For strong electrolytes, the variation of molar conductivity with concentration is linear and follows the Debye-Hückel-Onsager relation:

$$\Lambda_m = \Lambda_m^\circ - A\sqrt{C}$$

Where:

• $$\Lambda_m$$ is the molar conductivity at concentration $$C$$.
• $$\Lambda_m^\circ$$ is the limiting molar conductivity at infinite dilution.
• $$A$$ is a constant depending on the electrolyte type and solvent.

Since both salts are strong 1:1 electrolytes, plotting $$\Lambda_m$$ against $$\sqrt{C}$$ yields a straight line with a negative slope for both.

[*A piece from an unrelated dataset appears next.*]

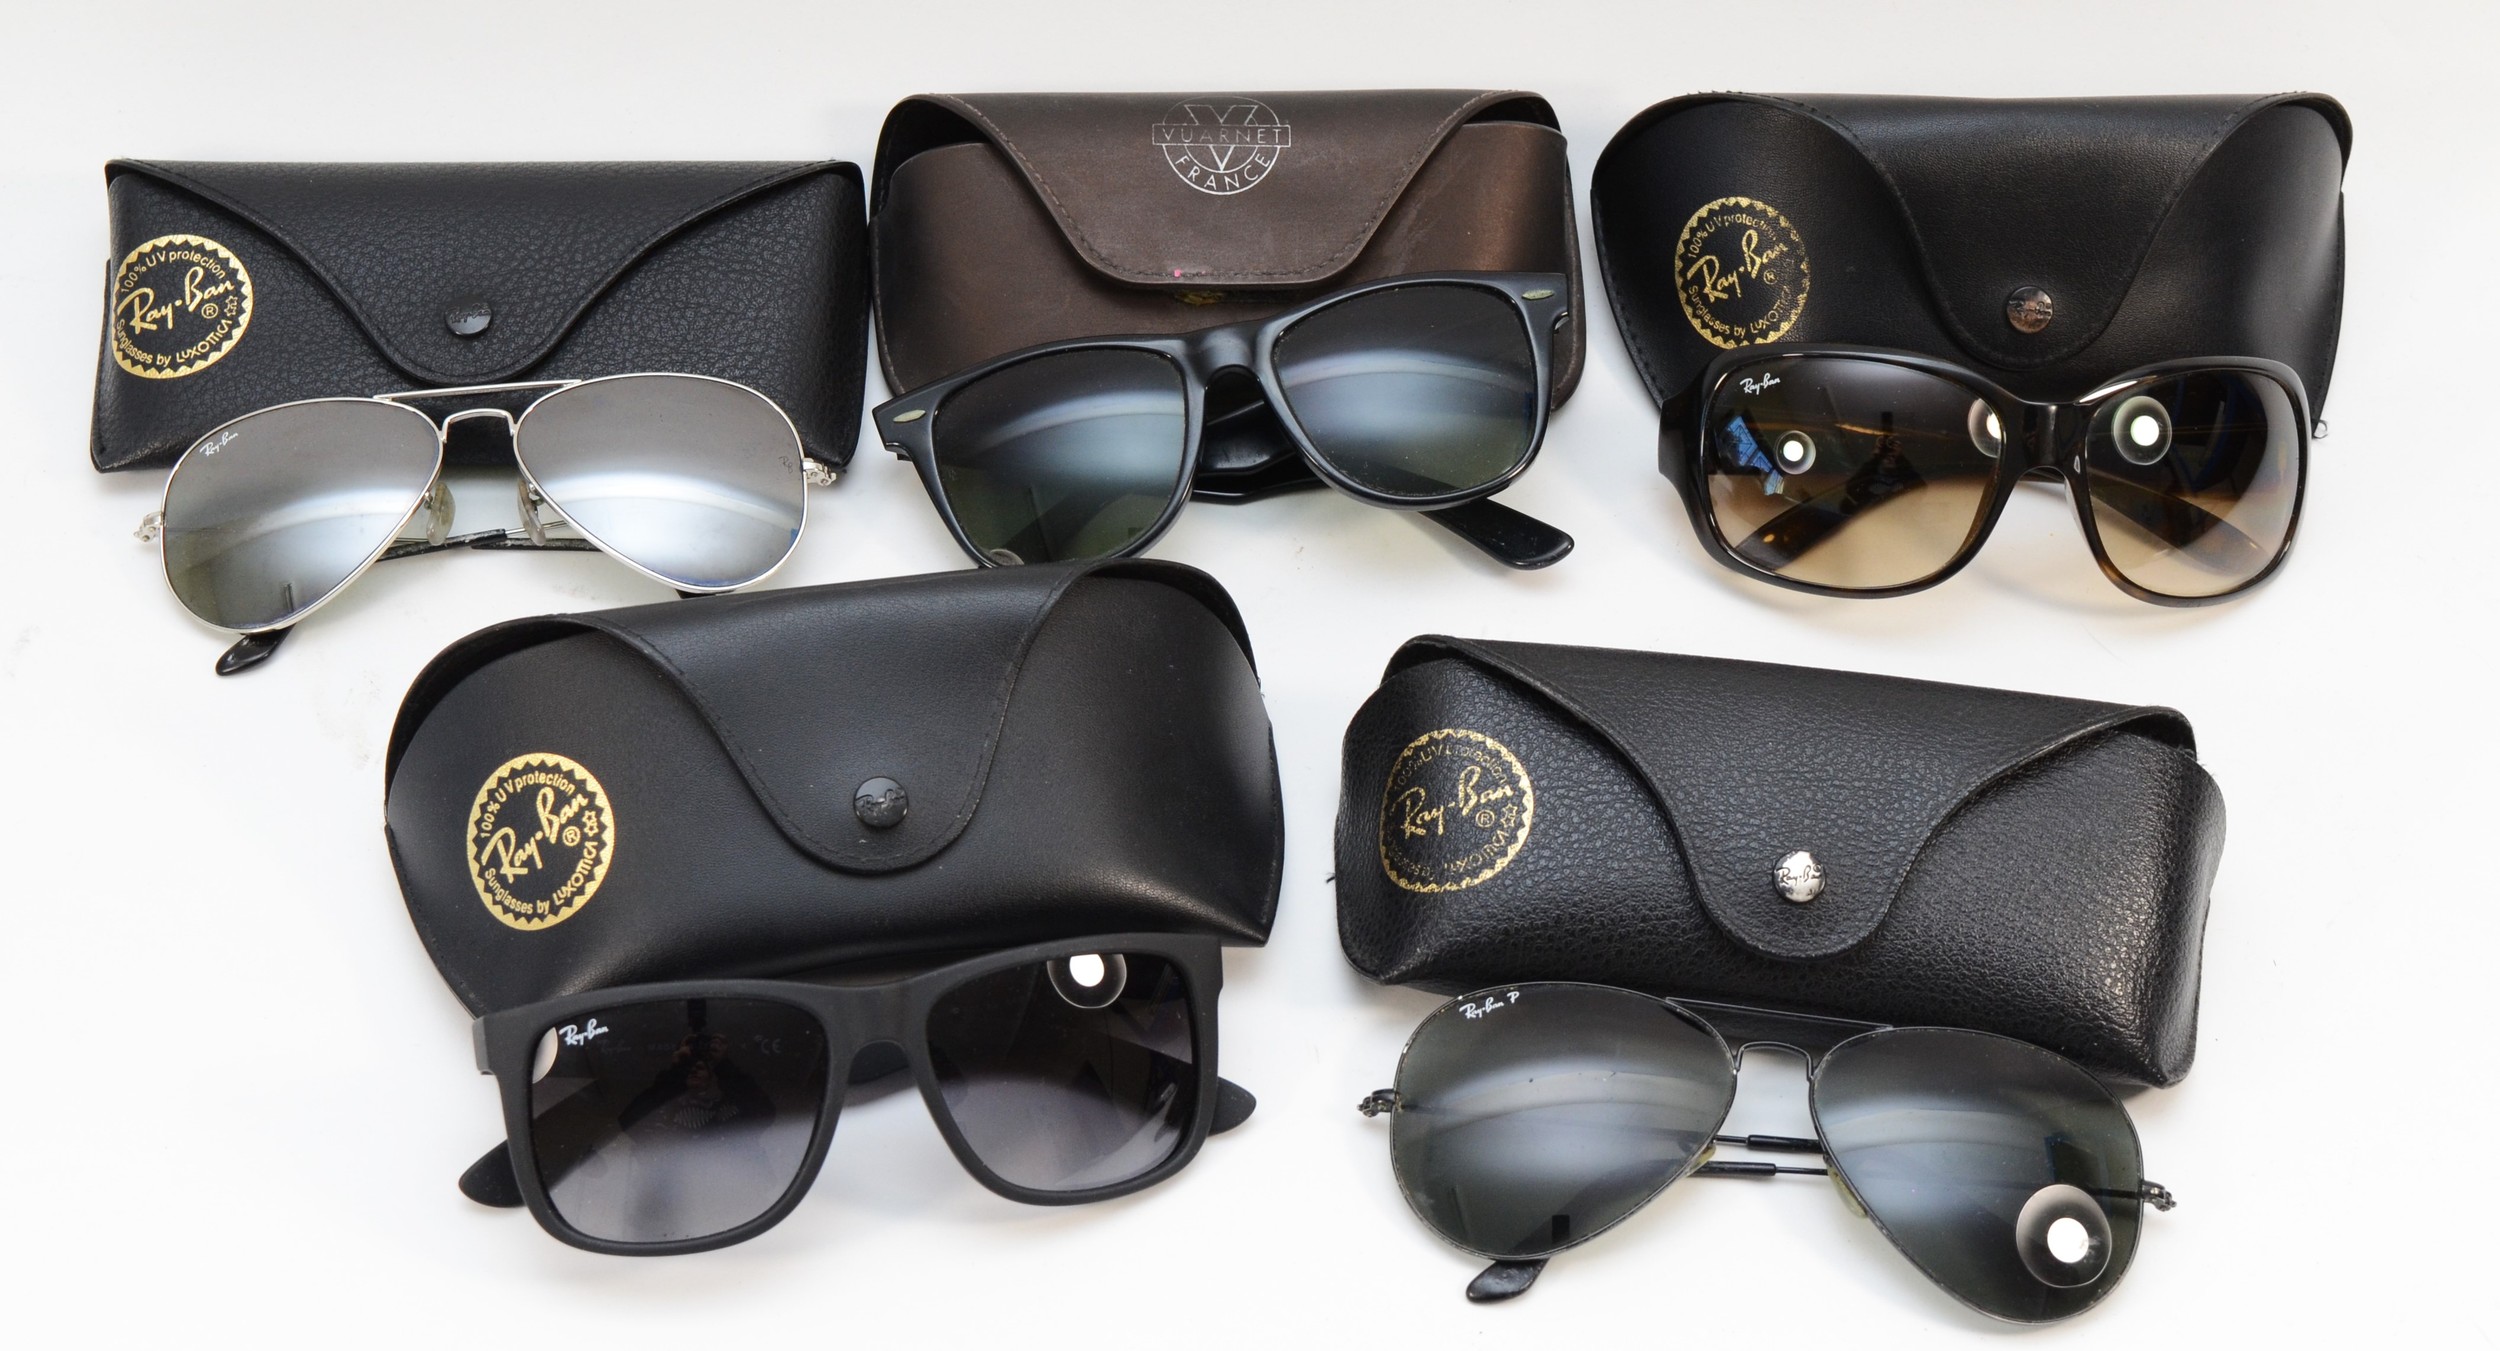 Five cased pairs of Ray-Ban sunglasses, two bearing model numbers - RB4118, RB4165, and one

Comparing Ionic Mobility and Limiting Molar Conductivity

To identify which line sits higher on the graph, we compare their limiting molar conductivities ($$\Lambda_m^\circ$$) using Kohlrausch's law:

$$\Lambda_m^\circ(\text{KCl}) = \lambda^\circ(\text{K}^+) + \lambda^\circ(\text{Cl}^-)$$

$$\Lambda_m^\circ(\text{NaCl}) = \lambda^\circ(\text{Na}^+) + \lambda^\circ(\text{Cl}^-)$$

Since the chloride anion ($$\text{Cl}^-$$) is common to both salts, the difference depends solely on the alkali metal cations:

• The ionic radius of $$\text{Na}^+$$ is smaller than that of $$\text{K}^+$$, which gives $$\text{Na}^+$$ a higher charge density.
• As a result, $$\text{Na}^+$$ undergoes greater hydration in aqueous solution than $$\text{K}^+$$, giving it a larger hydrated radius.
• A larger hydrated shell moves more slowly through water, meaning $$\text{Na}^+$$ has a lower ionic mobility and lower conductance than $$\text{K}^+$$.

$$\lambda^\circ(\text{K}^+) > \lambda^\circ(\text{Na}^+) \implies \Lambda_m^\circ(\text{KCl}) > \Lambda_m^\circ(\text{NaCl})$$

Conclusion:

Because $$\text{KCl}$$ maintains a higher molar conductivity than $$\text{NaCl}$$ at any given concentration, its linear plot must have a higher vertical intercept and lie entirely above the line for $$\text{NaCl}$$.